Каждую секунду могли рвануть, два десятка мин, из которых и одной хватило бы на весь орудийный расчет. Кротких вдруг подумал, что вслед за минами начнут рваться в пожаре и его снаряды, а за ними - погреба и весь корабль, и шагнул было к ящику. Но тут за кормовой рубкой грохнуло четвертое орудие, и ему показалось, что уже грянула взрывом пылающая в ящике смерть. Это было так страшно, что он ринулся с кормы вслед за остальными. Шаг в сторону ящика оставил его позади всех, и отчаяние охватило его: если он споткнется, ему никто не поможет. Подлое, паническое малодушие подогнуло его колени. Он сделал, усилие, чтобы шагнуть, - и вдруг далеко впереди, у носового мостика, увидел комиссара.
Филатов, расталкивая встречных, бежал на корму, и Кротких понял, зачем. Догадка эта поразила его. В два прыжка Кротких очутился у ящика и, обжигая ладони, ухватился за дно. Ящик был слишком тяжел для одного человека. Второй бежал на помощь. Но этот второй человек был комиссар корабля, и подпустить его к ящику было нельзя.

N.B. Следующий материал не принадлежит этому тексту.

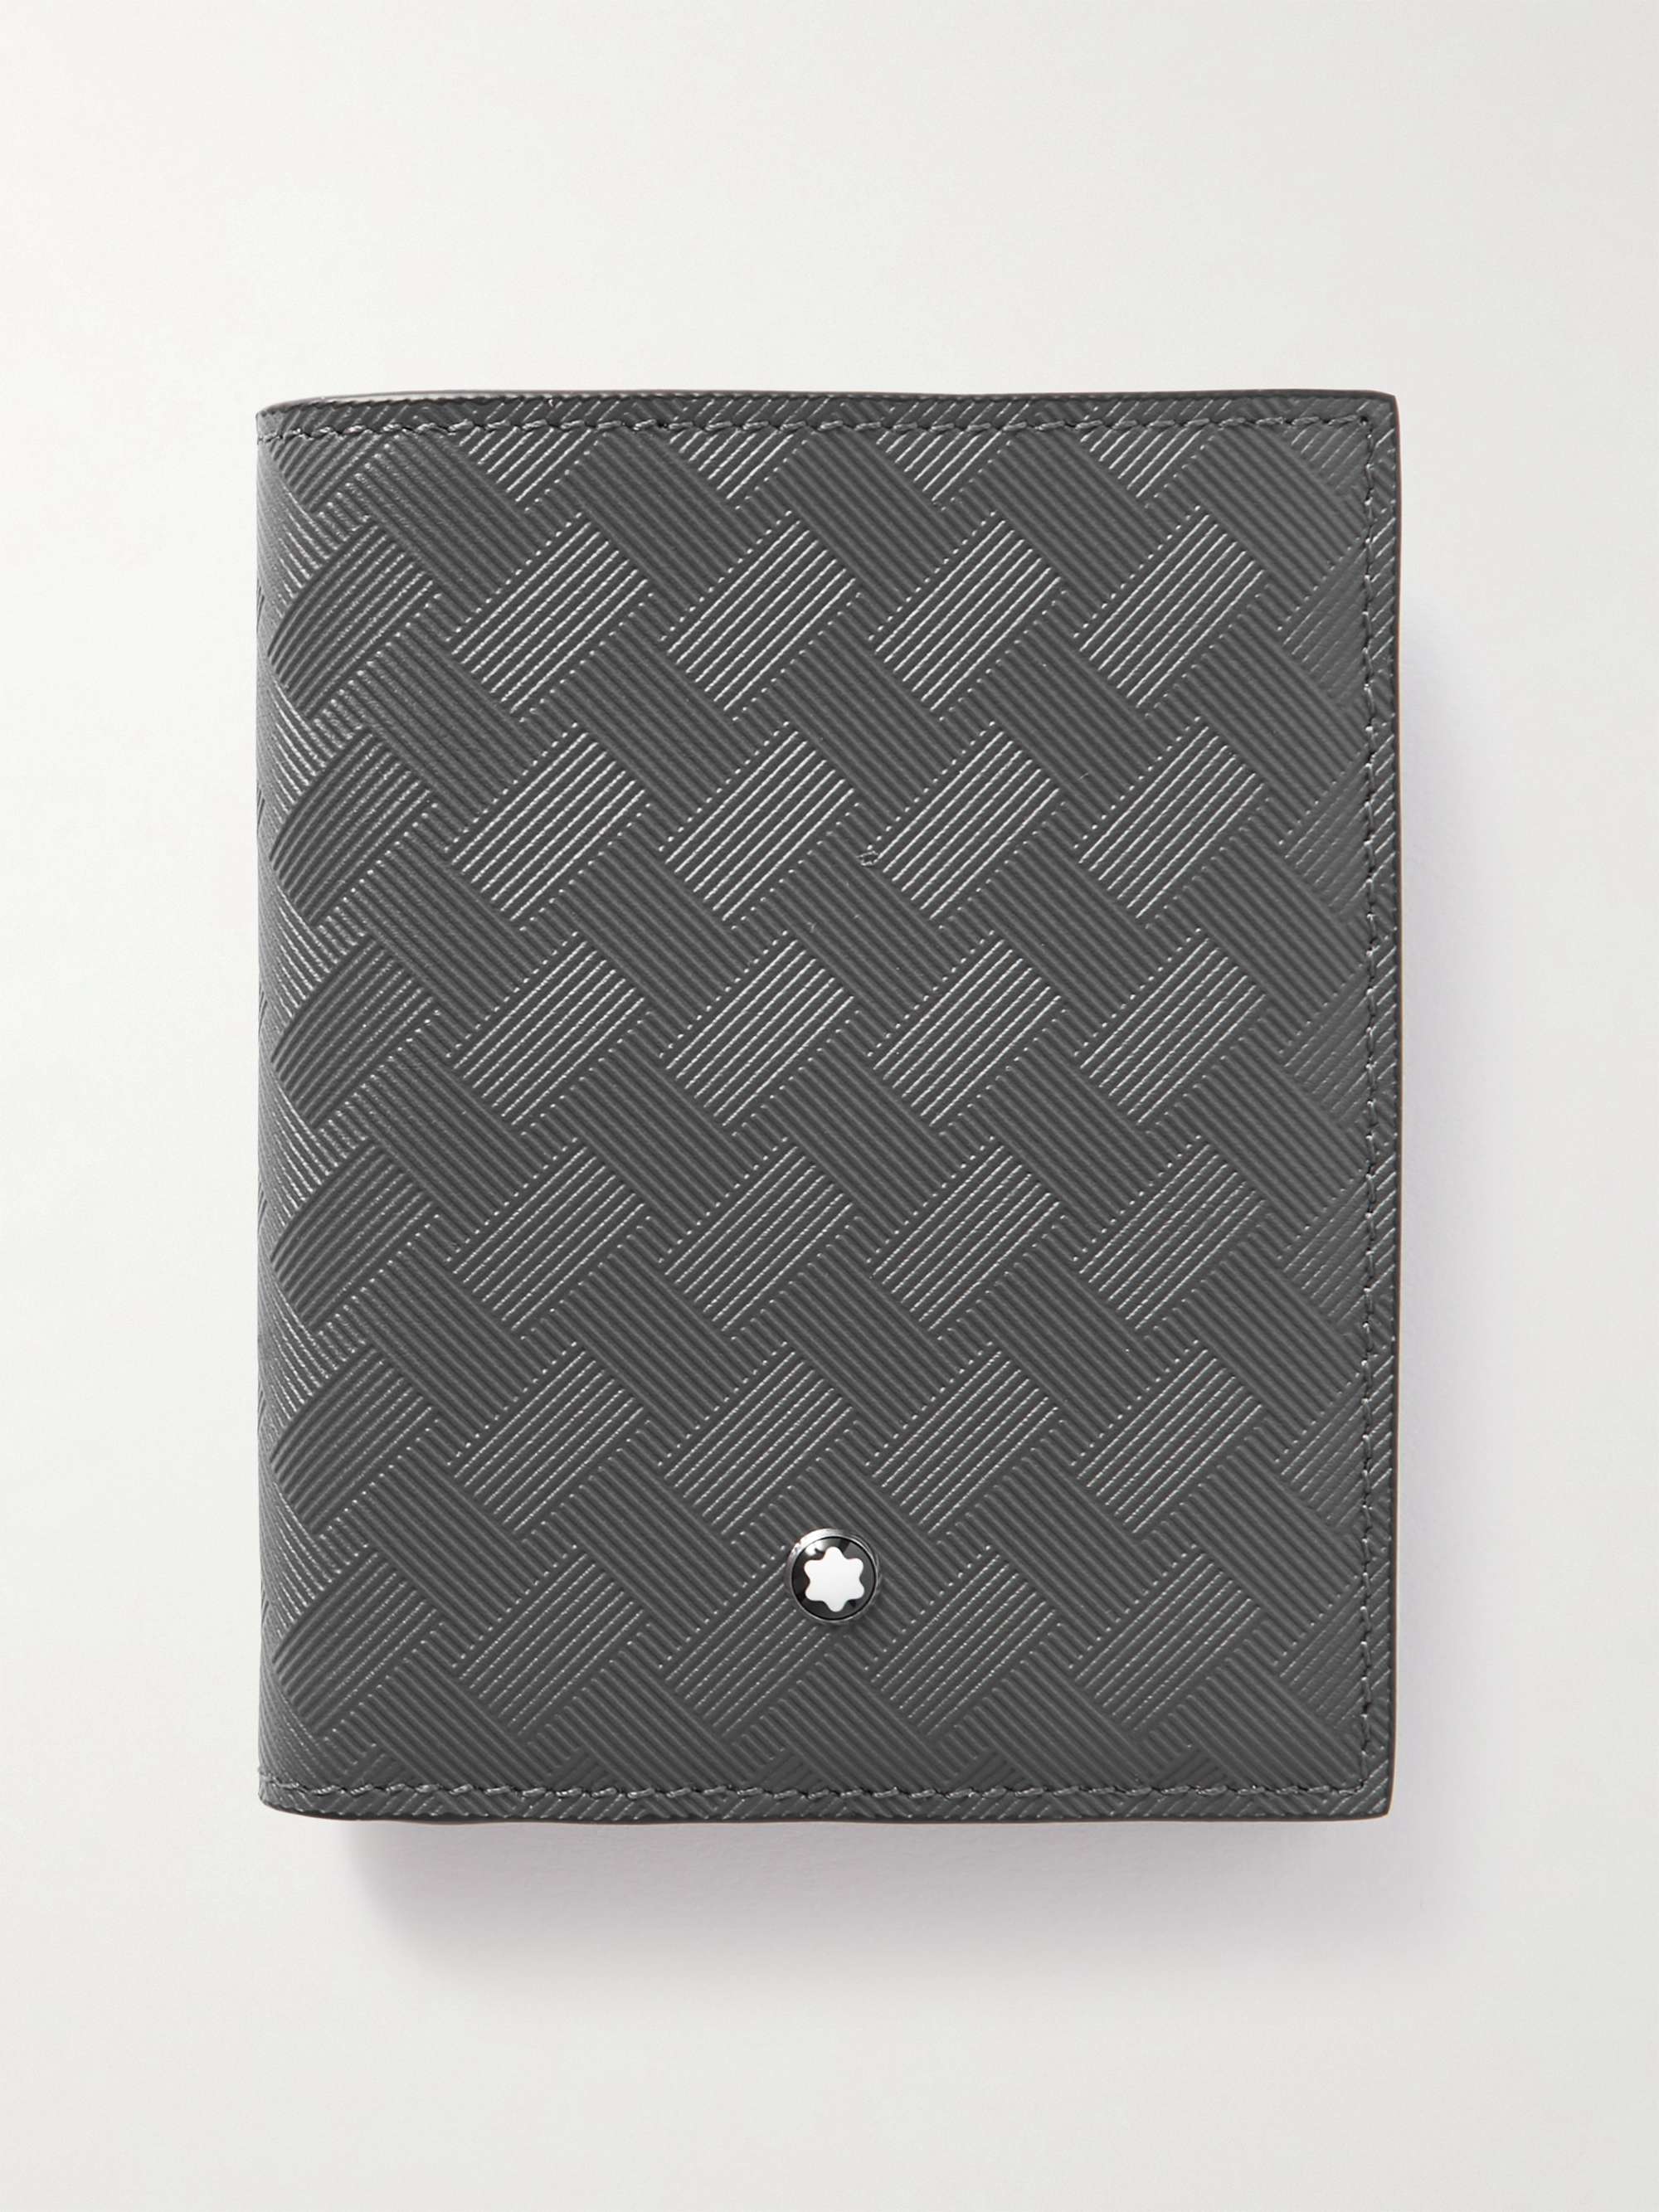 MONTBLANC Extreme 3.0 Cross-Grain Leather Billfold Wallet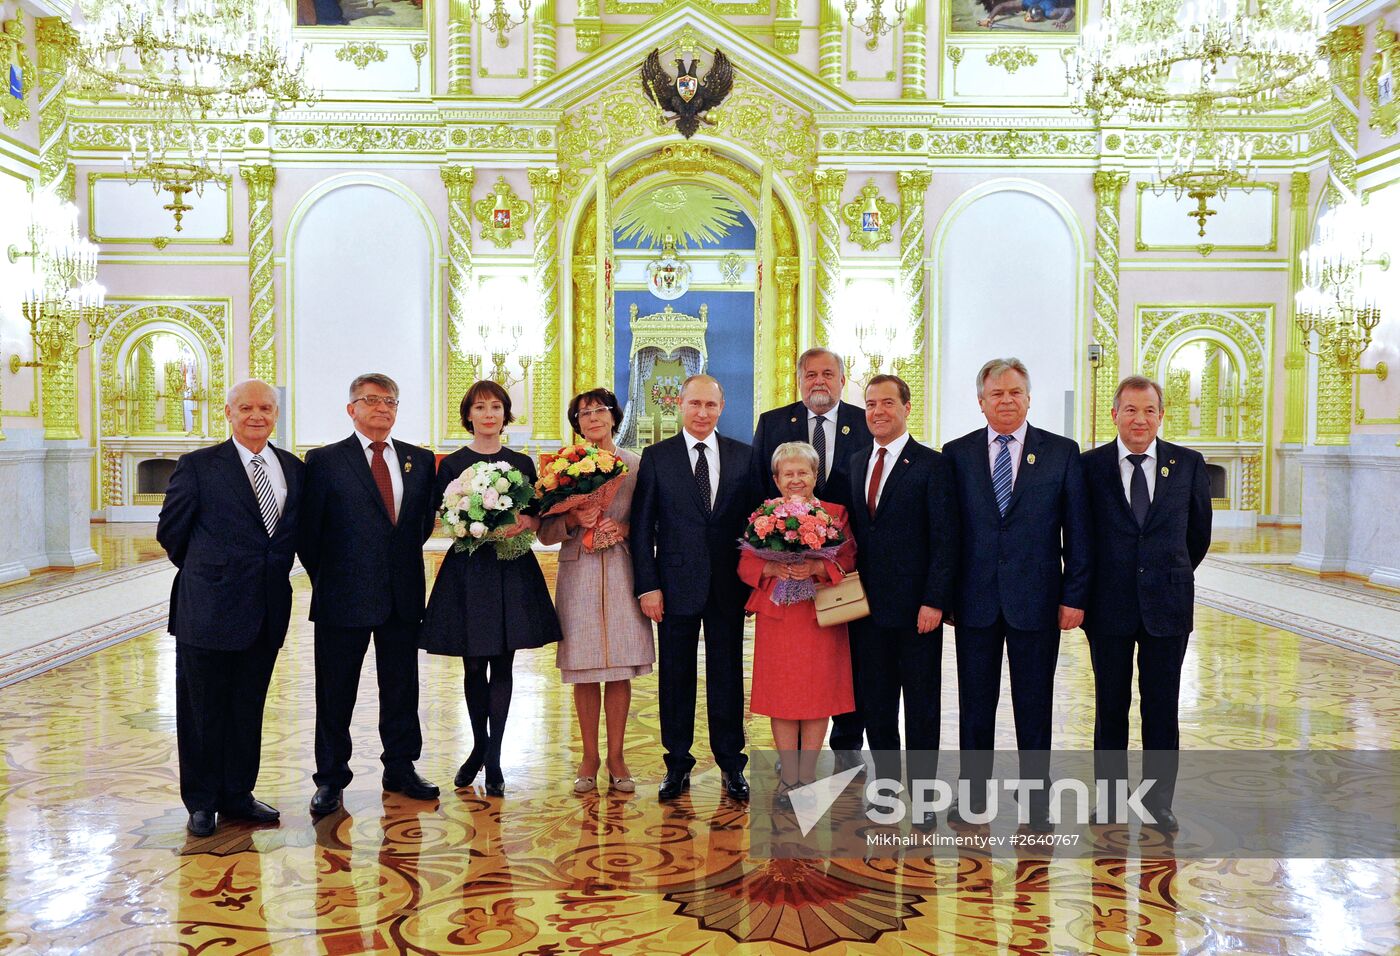 National awards presented on Russia Day in Kremlin

Кротких присел на корточки и схватил раскаленный стабилизатор крайней мины. Ладонь зашипела, острая боль на миг захолонула сердце, но мина вылетела за борт. Он тотчас схватил вторую.
Может быть, он что-то кричал. Так потом рассказывали, ему товарищи: говорили, что он прыгал на корточках у ящика, танцуя какой-то страшный танец боли и ругаясь во весь голос бессмысленно и жутко. Но мины летели за борт одна за другой, быстро освобождая горящий ящик. Выпрямляясь с очередной миной в руке, он увидел комиссара: тот был уже у кормового мостика, рядом со смертью. Тогда Кротких, надсаживаясь, поднял на поручни опустошенный наполовину ящик. Пламя лизнуло его лицо. Бушлат загорелся. Он отвернул лицо и сильным толчком сбросил за борт ящик. Потом ударил по бушлату ладонями, уже не чувствующими огня.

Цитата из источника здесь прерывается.